TASK BRIEF: A full, word-for-word copy of the listing below is needed; leave the images out of it.

INFORMATION SHOWN:
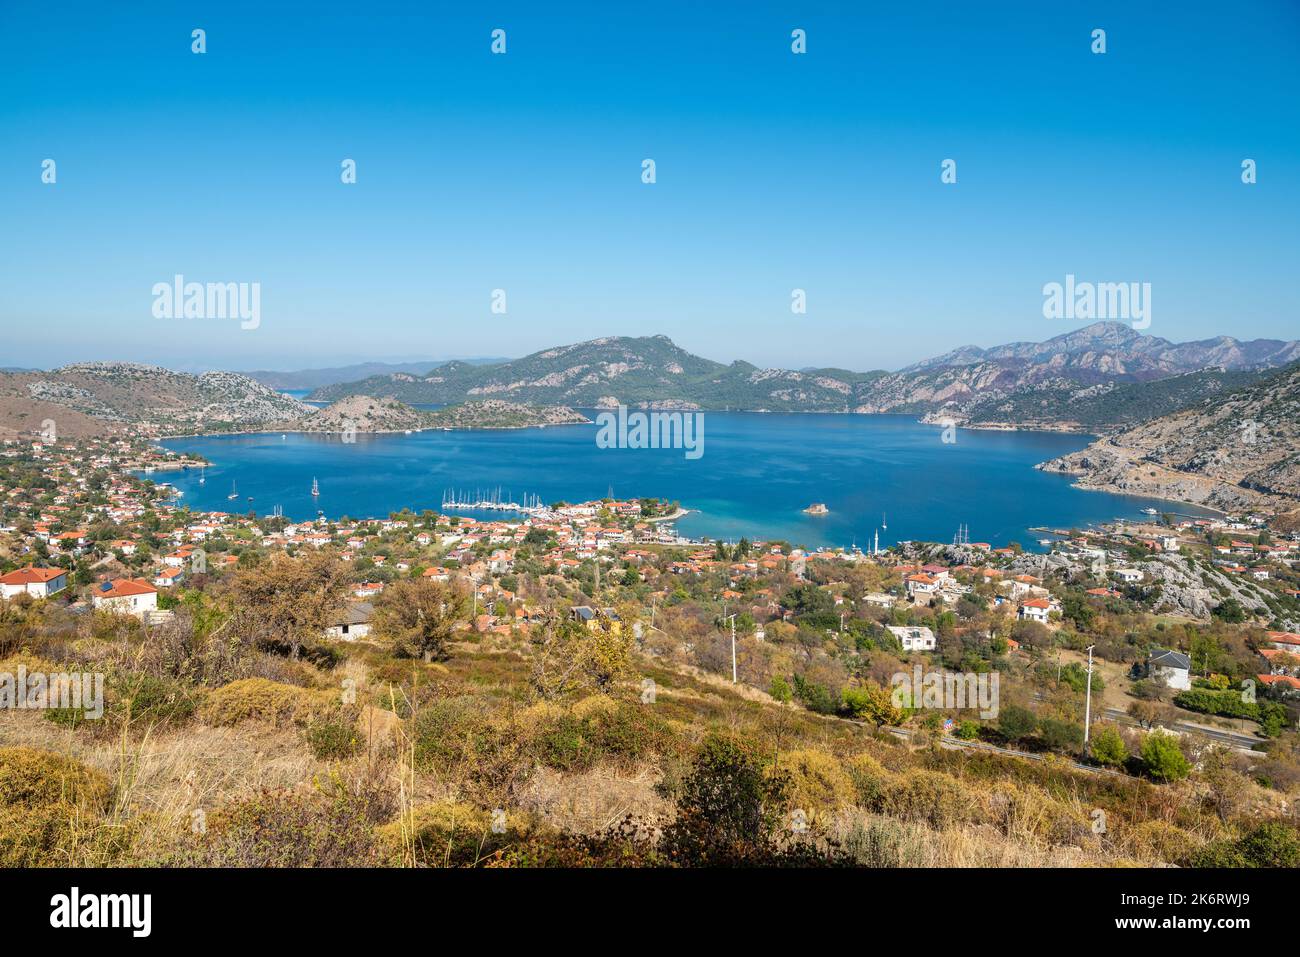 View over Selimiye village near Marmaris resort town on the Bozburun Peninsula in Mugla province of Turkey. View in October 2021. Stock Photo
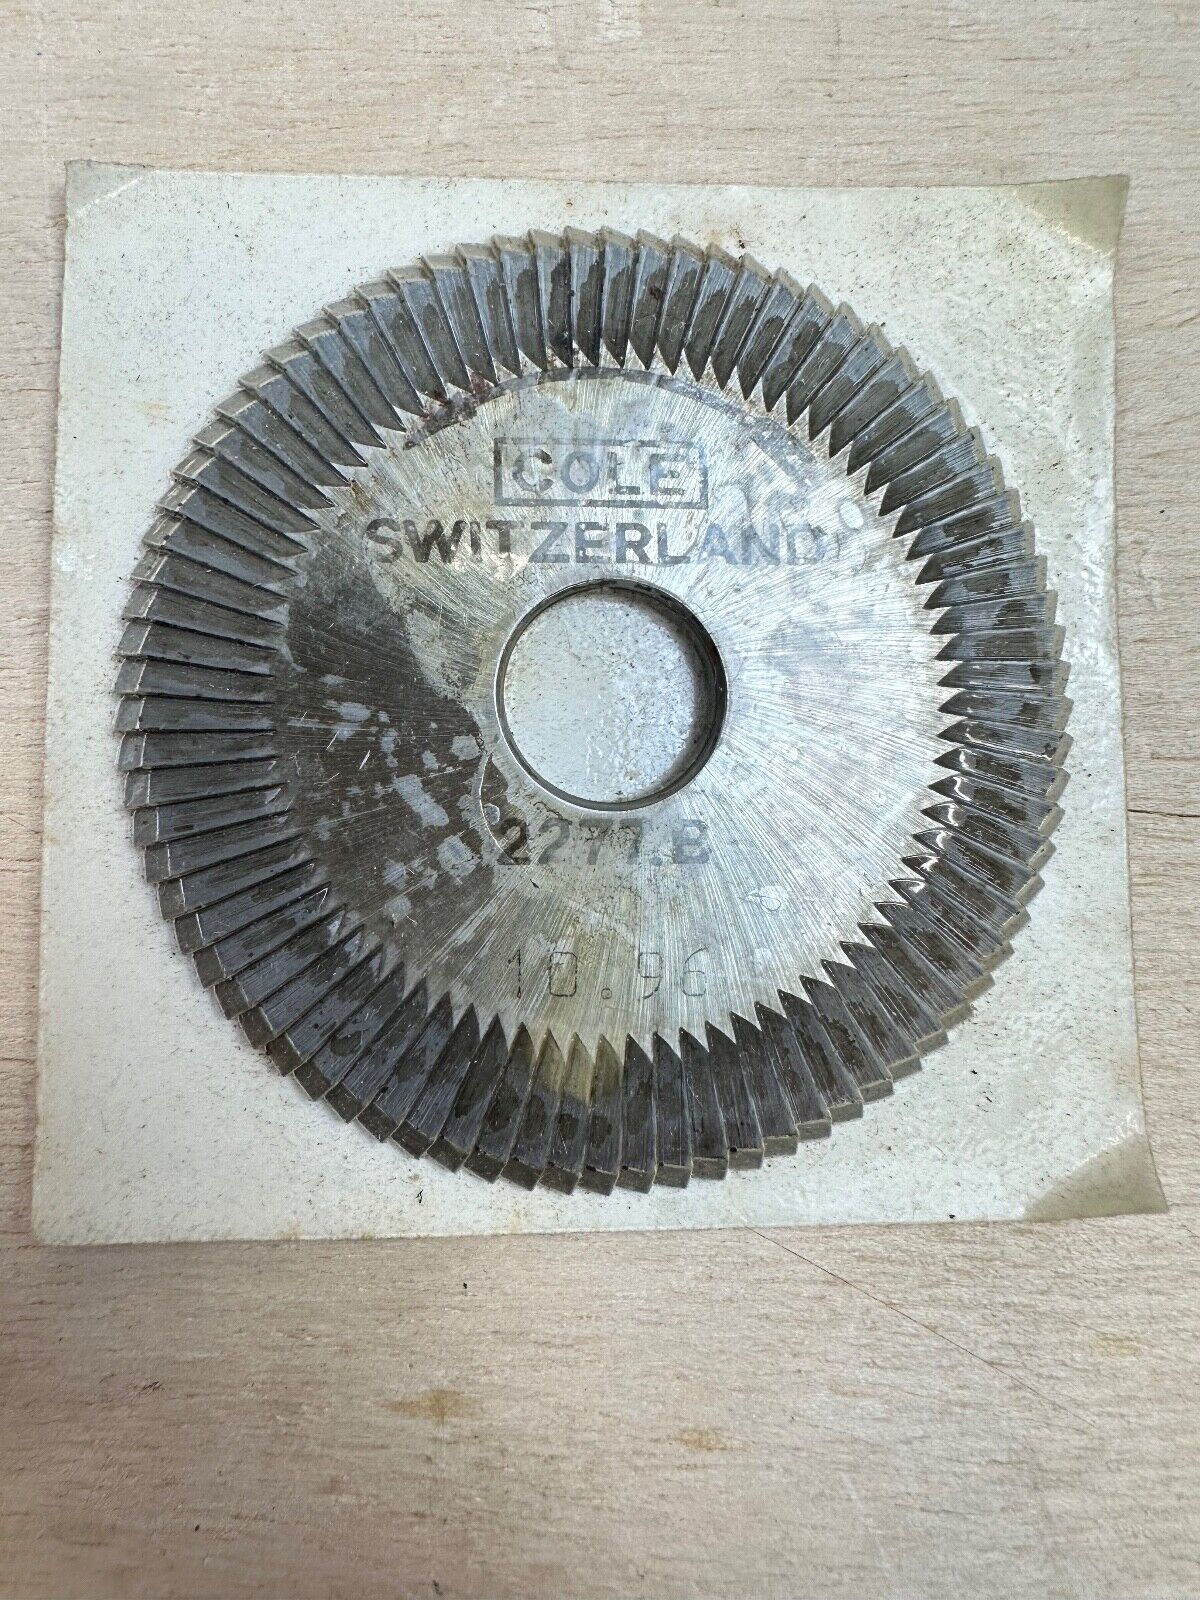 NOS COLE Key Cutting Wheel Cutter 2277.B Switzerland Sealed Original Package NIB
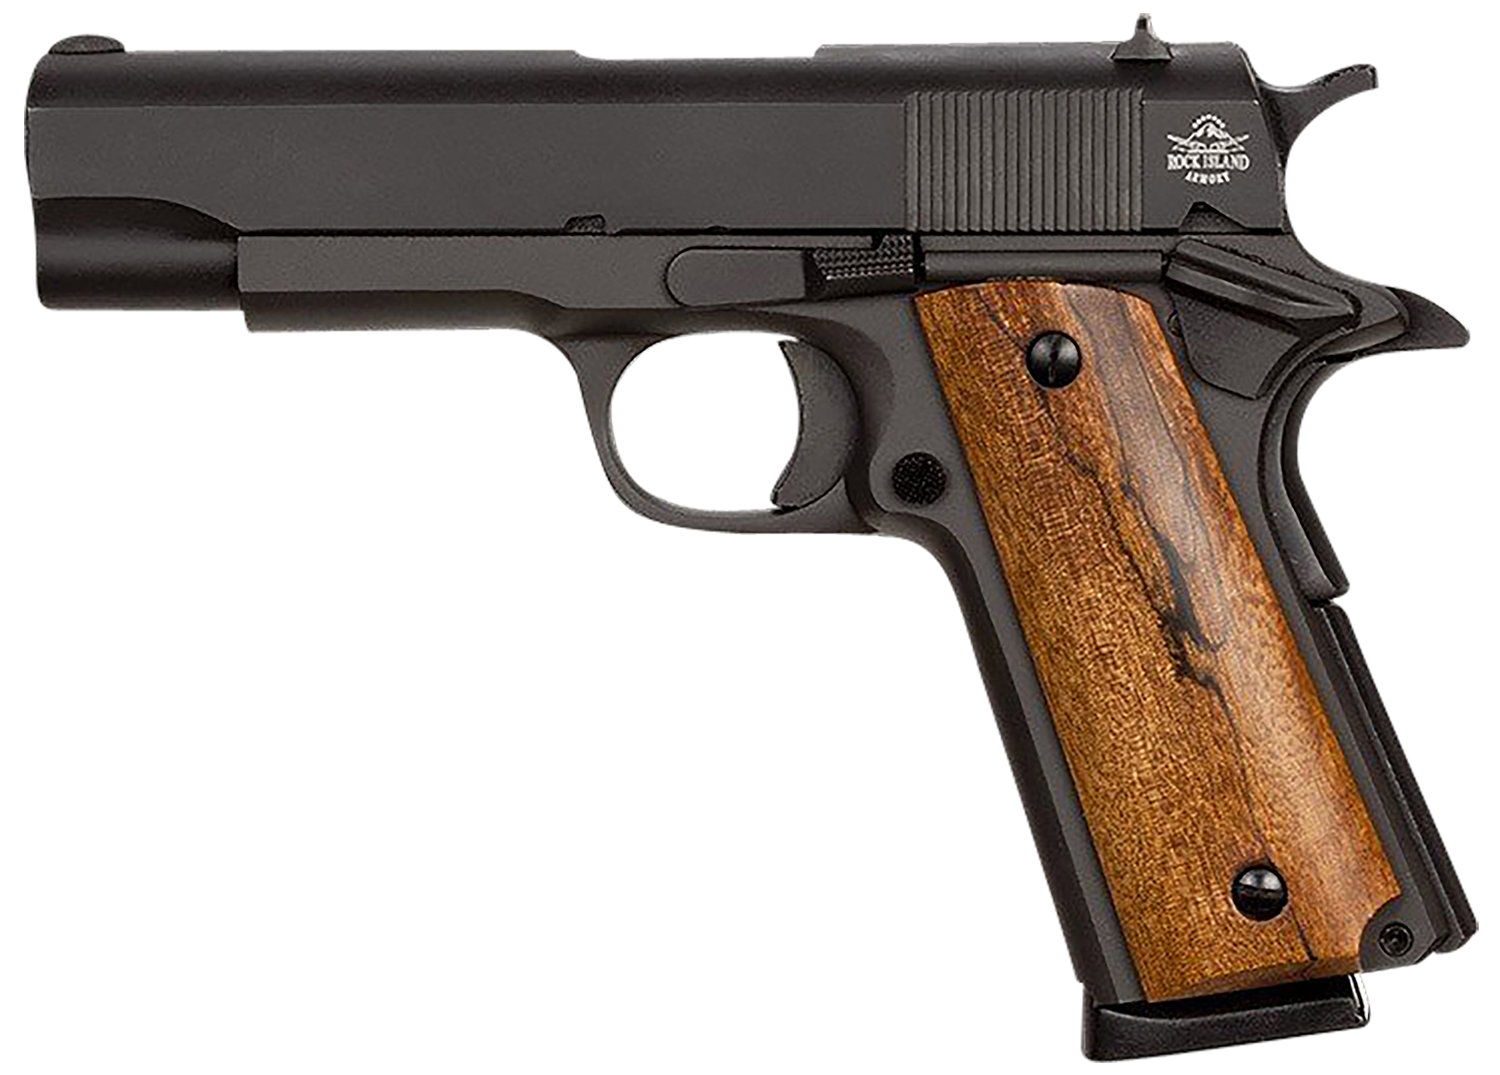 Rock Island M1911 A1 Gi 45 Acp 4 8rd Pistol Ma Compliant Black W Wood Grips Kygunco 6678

OUTPUT FOR THIS TASK:
 View over Selimiye village near Marmaris resort town on the Bozburun Peninsula in Mugla province of Turkey. View in October 2021. Stock Photo
 NOS COLE Key Cutting Wheel Cutter 2277.B Switzerland Sealed Original Package NIB
 Rock Island M1911 A1 Gi 45 Acp 4 8rd Pistol Ma Compliant Black W Wood Grips Kygunco 6678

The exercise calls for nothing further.